The activation function for a neuron in the ANN model defines the output of that neuron for a given input set. Similar to other fields where ANN has been used, all three widely popular activation functions, namely, \(\tanh \), ReLU, and sigmoid functions (Karlik and Olgac 2011; Nwankpa et al. 2018)   have been used while performing LES of turbulent combustion. For the optimizer, the stochastic gradient descent (SGD) algorithm has been typically used. However, some studies have also used Widrow-Hoff (WH) and Levenberg–Marquardt (LM) algorithms. Finally, mean-squared error (MSE) has been used commonly for the loss function in these studies.

Most of the studies summarized in Table 1 demonstrate an improved performance in terms of speedup of chemistry computation as compared to a conventional direct integration (DI) approach for handling stiff kinetics (other studies may exist and hence, this list is not considered comprehensive). In addition, these studies have also demonstrated the benefits of the use of ANN in terms of reduced computational storage requirements. Some recent studies relying on the use of CNN (Lapeyre et al. 2019; Ren et al. 2021) have shown the robustness of the approach for accurately simulating realistic flow configurations where the performance of the CNN based subgrid model was shown to be better compared to reference algebraic closures. Overall, the past and recent studies clearly demonstrate the potential of ANN-based modeling of turbulent combustion. However, further studies are also needed to identify the best practices in specifying the hyperparameters and the strategies for attaining a successful and accurate ANN model.

3 Mathematical Formulation with ANN

In this section, the mathematical formulation of LEMLES with the use of ANN for the modeling of chemistry is discussed. First, the governing equations for FRC-LES and the subgrid modeling of the scalar fields using LEM are described. Afterward, two approaches using ANN, either to model the resolved reaction rates at the subgrid level or to directly model the filtered reaction rates including the subgrid effects are discussed.

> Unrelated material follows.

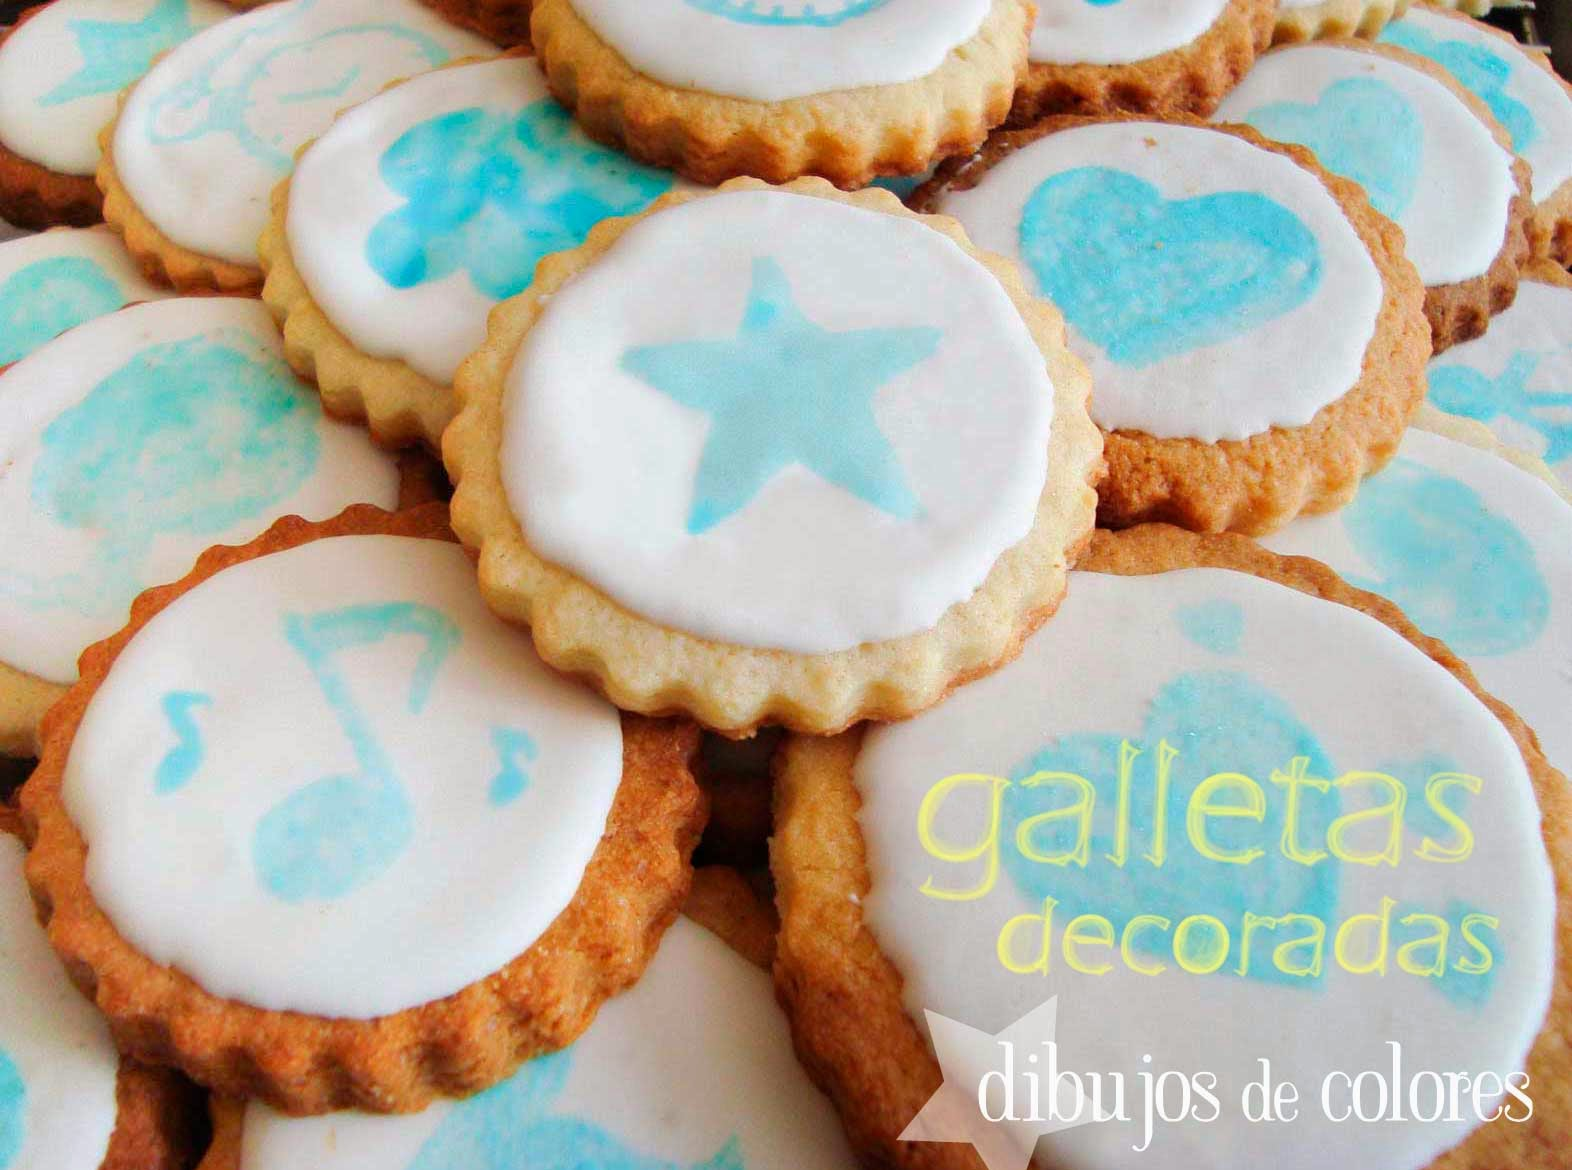 Galletas_decoradas

3.1 Governing Equations and Subgrid Models

3.1.1 Large-Eddy Simulation

The LES equations are obtained through Favre filtering of compressible multi-species Navier-Stokes equations, which lead to the following conservation equations for mass, momentum, energy, and species mass

$$\begin{aligned} \frac{\partial {\overline{\rho }}}{\partial {t}} + \frac{\partial {\overline{\rho }\widetilde{u_{i}}}}{\partial {x_{i}}} = 0, \end{aligned}$$
(2)
$$\begin{aligned} \frac{\partial {\overline{\rho }\widetilde{u_{i}}}}{\partial {t}} + \frac{\partial }{\partial {x_{j}}} \left[ \overline{\rho }\widetilde{u_{i}}\widetilde{u_{j}} + \overline{P}\delta _{ij} - \overline{\tau }_{ij} + \tau _{ij}^\textrm{sgs} \right] = 0, \end{aligned}$$
(3)
$$\begin{aligned} \frac{\partial {\overline{\rho }\widetilde{E}}}{\partial {t}} + \frac{\partial }{\partial {x_{i}}} \left[ \left( \overline{\rho }\widetilde{E}+\overline{P}\right) \widetilde{u_{i}} + \overline{q}_{i} - \widetilde{u_{j}}\overline{\tau }_{ij} + H_{i}^\textrm{sgs} + \sigma _{i}^\textrm{sgs} \right] = 0, \end{aligned}$$
(4)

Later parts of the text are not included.